For instance, to compare if extra paid classes witnin the course subject has a significant effect on average final grade (``G3``), we can use the t-test for the purpose. Execute and observe the results from the following code and you might re-use the code in your own projects.

In [None]:
from scipy import stats

paid_df.shape, unpaid_df.shape

((181, 39), (214, 39))

In [None]:
unpaid_df_sample = unpaid_df.sample(n=181, random_state=42) #less students had paid so we need unpiad sample to match
unpaid_df_sample.shape #for the test both sets have to be the same shape

(181, 39)

In [None]:
## Cross Checking with the internal scipy function
paid_grades = paid_df['G3']
unpaid_grades = unpaid_df_sample['G3']
t2, p2 = stats.ttest_ind(paid_grades,unpaid_grades)
print("t = " + str(t2))

#if p < 0.05 we can reject the null hypothesis
print("p = " + str(p2)) #the null hyptohesis assumes paid classes make no difference



t = 1.9827606626888783
p = 0.04815388677303937


From above results, we can see that the t-stat ``t > 1.96``, in the meanwhile the p-value ``p < 0.05``; thus, we can conclude that the extra paid classes do have a significant (at $p=0.05$ level) effect on the students' final grades.

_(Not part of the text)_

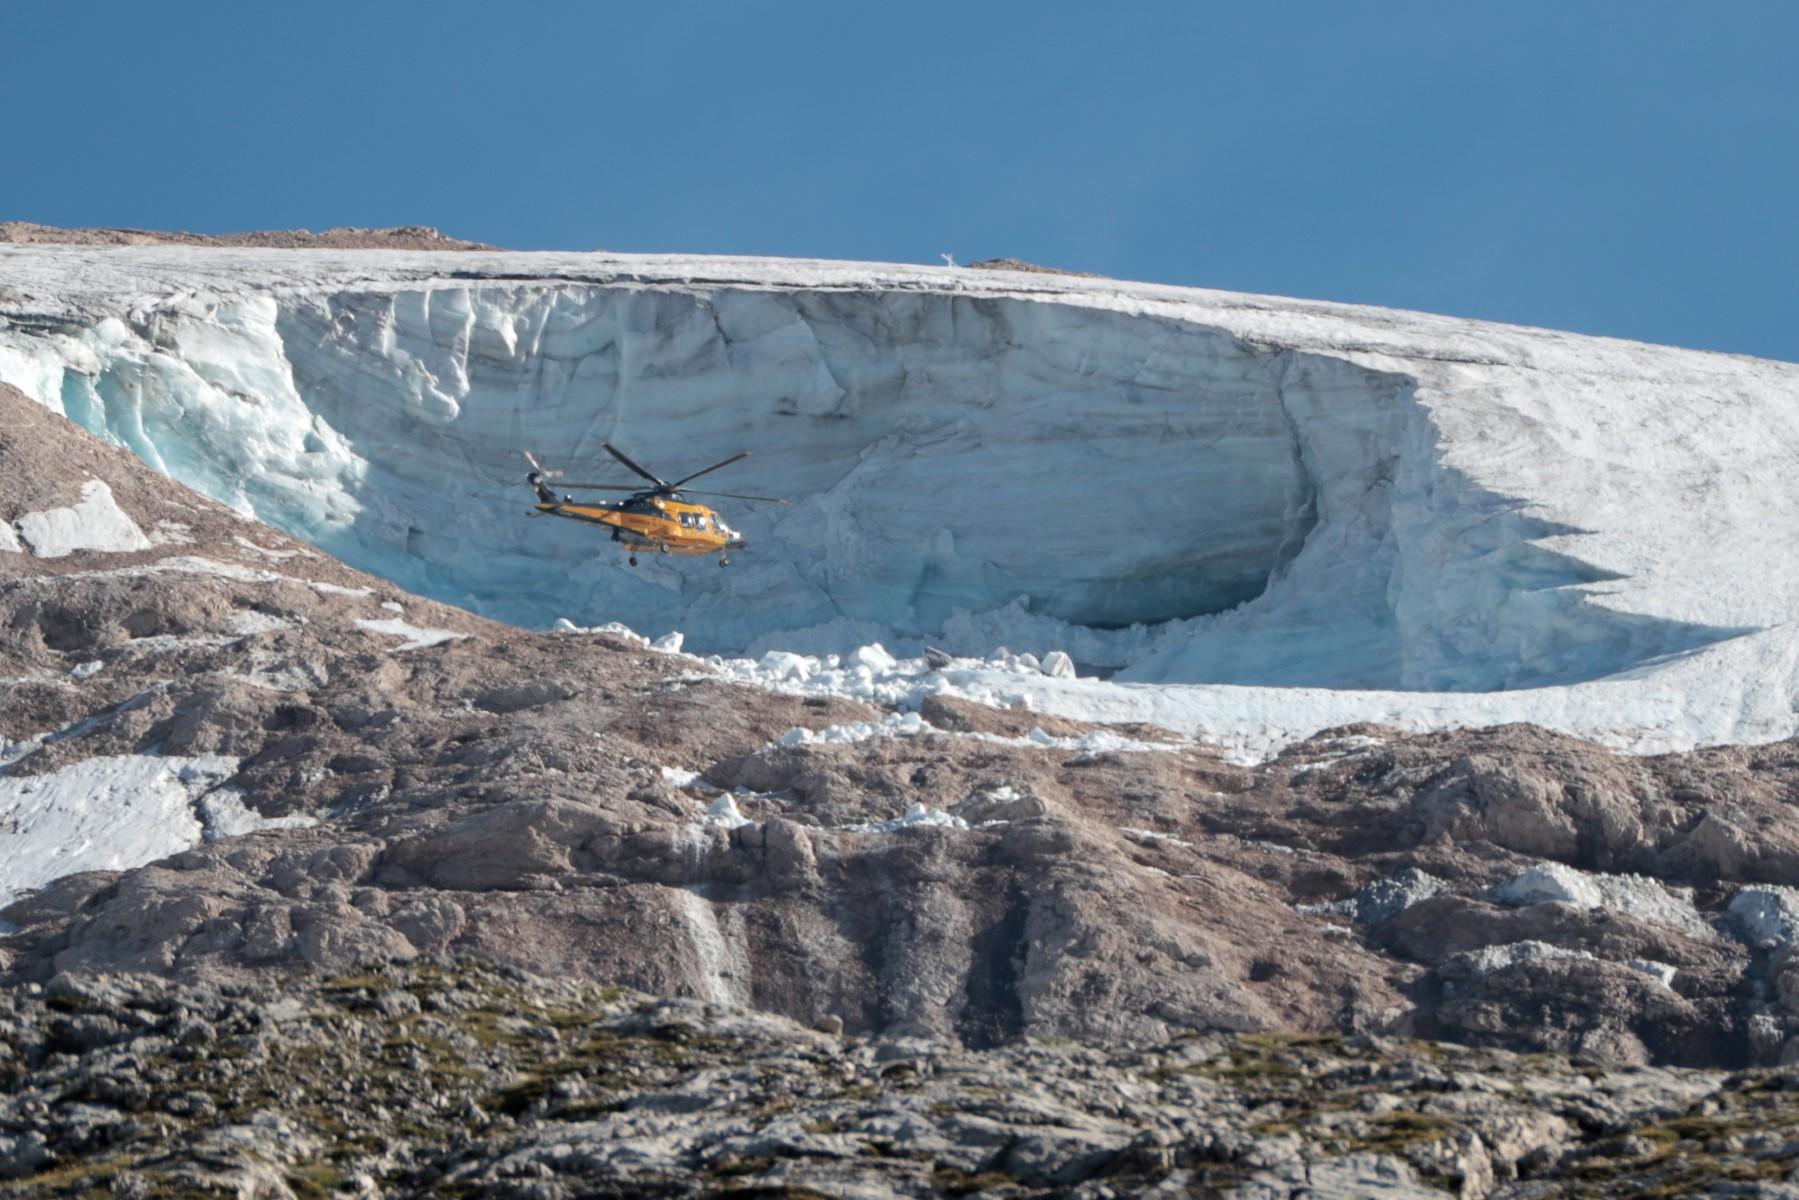 A 'Guardia di Finanzia' helicopter flies above the Marmolada glacier, near Canazei on July 4, one day after an ice serac collapsed, killing seven people. Photo: AFP
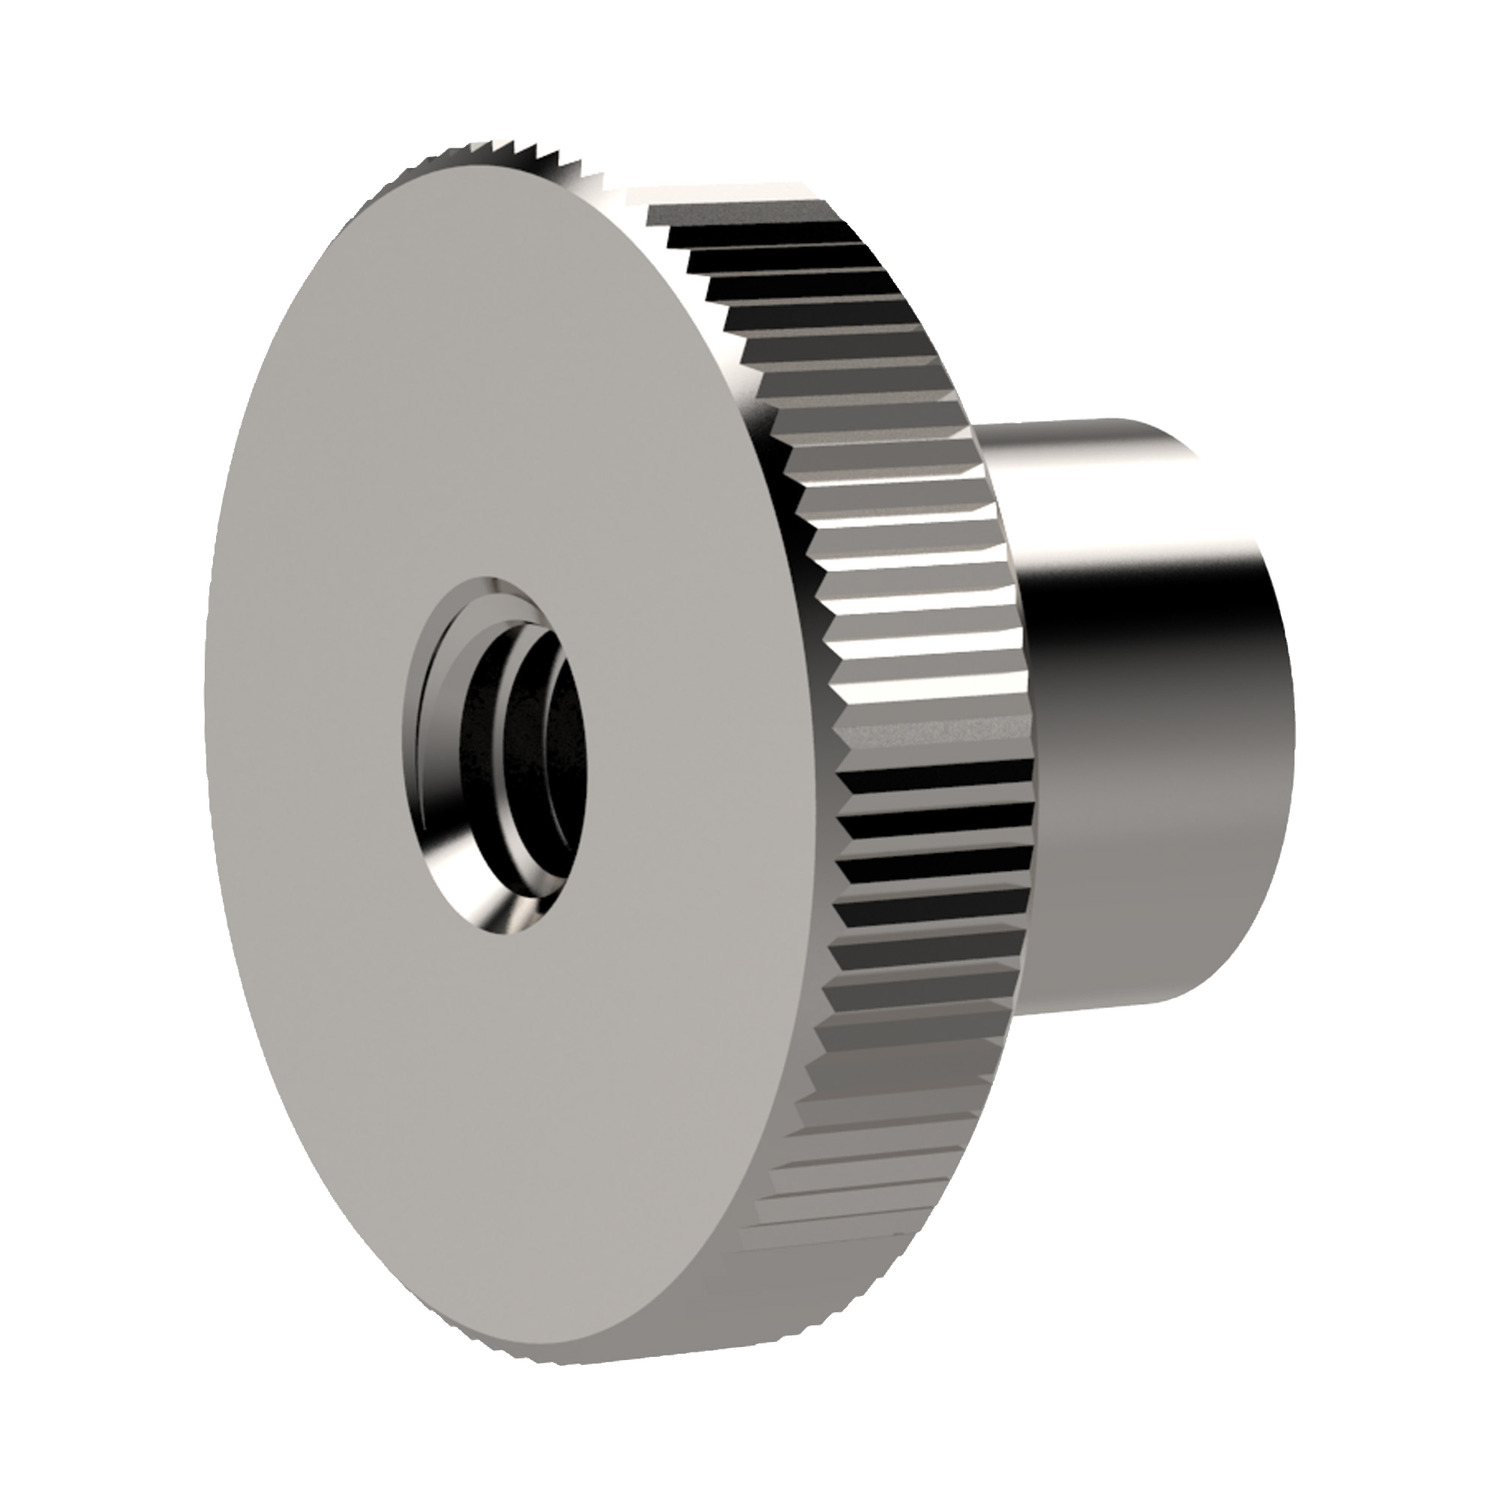 Knurled Nuts Knurled thumb nut with collar comes in stainless steel and with a matte, short-blasted finish.

__NOTE__: next time you want to report the difference between two sub groups, this is the correct way of doing so.

### 4.2: Join the sub dataframes back together as ``merged``.

In [None]:
merged = pd.concat([unpaid_df, paid_df]) # concat at the row level since columns
#are the same
merged.head()

Unnamed: 0,school,sex,age,address,famsize,Pstatus,Medu,Fedu,Mjob,Fjob,...,absences,G1,G2,G3,ft_bin,reason_cap,guardian_cap,Pwork,st_bin,age_grp
0,GP,F,18,U,GT3,A,4,4,at_home,teacher,...,6,5,6,6,high,COURSE,MOTHER,yes,low,"(17.0, 20.0]"
1,GP,F,17,U,GT3,T,1,1,at_home,other,...,4,5,5,6,high,COURSE,FATHER,yes,low,"(15.0, 17.0]"
6,GP,M,16,U,LE3,T,2,2,other,other,...,0,12,12,11,high,HOME,MOTHER,yes,low,"(15.0, 17.0]"
7,GP,F,17,U,GT3,A,4,4,other,teacher,...,6,6,5,6,low,HOME,MOTHER,yes,low,"(15.0, 17.0]"
11,GP,F,15,U,GT3,T,2,1,services,other,...,4,10,12,12,low,REPUTATION,FATHER,yes,low,"(15.0, 17.0]"


In [None]:
merged.paid.head(250)

0      no
1      no
6      no
7      no
11     no
     ... 
68    yes
70    yes
74    yes
75    yes
77    yes
Name: paid, Length: 250, dtype: object

Note that comparing to the original ``student_df``, in ``merged`` the first $181$ rows are students taking extra paid classes, the rest of the DF are students not extra paid classes. 

That is all for this assignment. Please submit this work when you are done.